Syuji Matsumoto

High Photoluminescent Property of Low-Melting Sn-Doped Phosphate Glass

The authors report on the quantum efficiency (QE) of UV-excited photoluminescence measured in SnO–ZnO–P2O5 glass developed as rare earth (RE)-free material for light emitting diode (LED) applications; we report what is, to the best of our knowledge, the highest value of QE ever reported. It is notable that the QE value of the present RE-free glass (~90%) is comparable to that of RE-doped glass. For future LED applications, we have emphasized that the low-melting glass will be one of the most industrially favorable inorganic materials to replace organic sealants that suffer degradation by strong LED irradiation.

White light emission of Mn-doped SnO-ZnO-P_2O_5 glass containing no rare earth cation

The authors have demonstrated white light emission of rare earth (RE)-free Mn-doped SnO-ZnO-P(2)O(5) glass. The RE-free glass shows white light emission with a high value of quantum efficiency (QE) comparable to conventional crystalline phosphor. It is notable that the high QE value is attained for RE-free transparent glass, and the broad emission can be continuously tuned by both the amount of activator and the composition of the glass. Since this glass possesses low-melting property, we emphasize that the glass phosphor will lead to the development of a novel inorganic white-light-emitting device in combination with a solid state UV light-emitting source.

Correlation between emission property and concentration of Sn^2+ center in the SnO-ZnO-P_2O_5 glass

The authors report on the correlation between the photoluminescence (PL) property and the SnO amount in SnO-ZnO-P2O5 (SZP) glass. In the PL excitation (PLE) spectra of the SZP glass containing Sn2+ emission center, two S1 states, one of which is strongly affected by SnO amount, are assumed to exist. The PLE band closely correlates with the optical band edge originating from Sn2+ species, and they both largely red-shifts with increasing amount of SnO. The emission decay time of the SZP glass decreased with increasing amount of SnO and the internal quantum efficiencies of the SZP glasses containing 1~5 mol% of SnO are comparable to that of MgWO4. It is expected that the composition-dependent S1 state (the lower energy excitation band) governs the quantum efficiency of the SZP glasses.

Correlation between preparation conditions and the photoluminescence properties of Sn2+ centers in ZnO–P2O5 glasses

Photoluminescence (PL) and coordination states of Sn2+ centers in 1SnO–68ZnO–31P2O5 (SZP31) glass prepared under different conditions are examined. When prepared in air, the local coordination state of Sn2+ centers depends on the starting material. In contrast, the PL properties of Sn2+ centers of the glass prepared under inert atmosphere conditions are independent of the starting material because of elimination of the oxidation reaction. 119mSn Mossbauer and X-ray absorption fine structure analyses indicate that most of the Sn2+ centers in the SZP31 glass prepared in an inert atmosphere exist at a SnO-like coordination state, possessing a coordination number greater than 2. It is assumed that the more highly coordinated Sn2+ is the origin of high PL intensity with high quantum efficiency.

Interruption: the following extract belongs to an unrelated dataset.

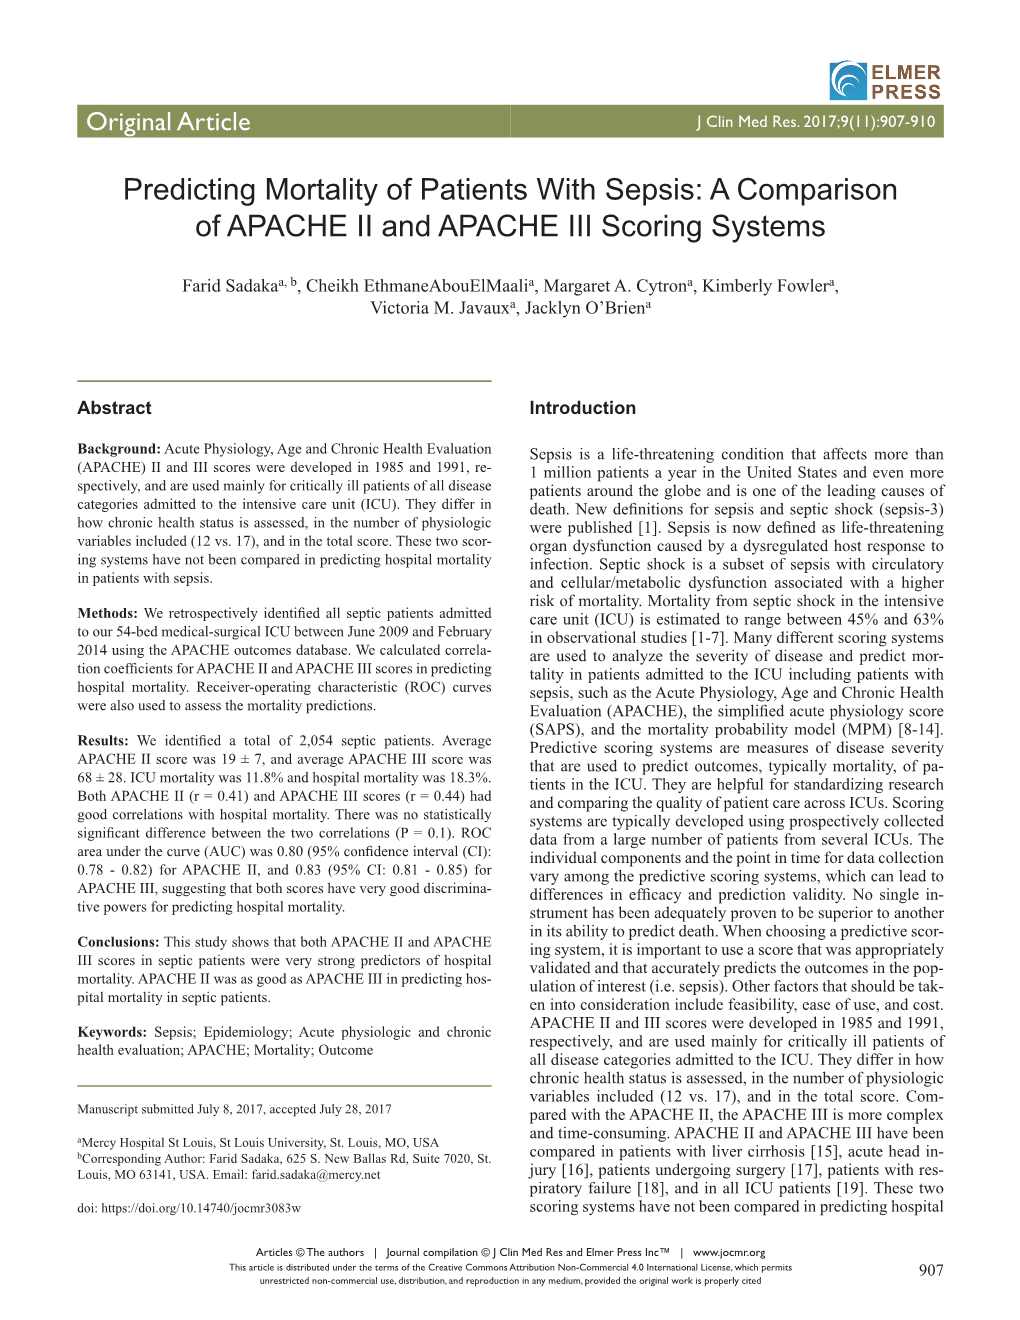 Predicting Mortality of Patients with Sepsis: a Comparison of APACHE II and APACHE III Scoring Systems

High efficient white light emission of rare earth-free MnO–SnO–ZnO–P2O5 glass

White light emission of rare earth (RE)-free Mn-doped SnO–ZnO–P2O5 glass is demonstrated. Glass transition temperature of the obtained glass is below 440°C, which assures the application to sealant of solid state light emitting devices. The RE-free transparent glass shows white light emission with a high value of quantum efficiency (QE) comparable to conventional crystalline phosphor by excitation of deep UV light. The broad emission of RE-free transparent glass can be continuously tuned by both the amount of activator and the composition of the glass without decrease of the QE value.

Correlation between valence state of tin and elastic modulus of Sn-doped Li2O-B2O3-SiO2 glasses

The correlation between the longitudinal elastic modulus c11 and tin valence state in Li2O–B2O3–SiO2 ternary glasses is investigated. Substitution of B2O3 for SiO2 increases the glass-transition temperature and c11 but decreases the melting temperature. 119Sn Mossbauer spectra show that the valence state of tin increased with increasing molten temperature, Tmolten, in air, and that it also affects the c11 value even though the 1.0 mol. % addition. The c11 values, whose error bars are governed by those of density, suggest that the addition of SnO2 increases c11 whereas SnO decreases. The relationship between Tmolten and the amount of Sn2+ suggests that the main factor affecting the tin valence state is oxygen, whose reactivity may correlate with the glass melt viscosity.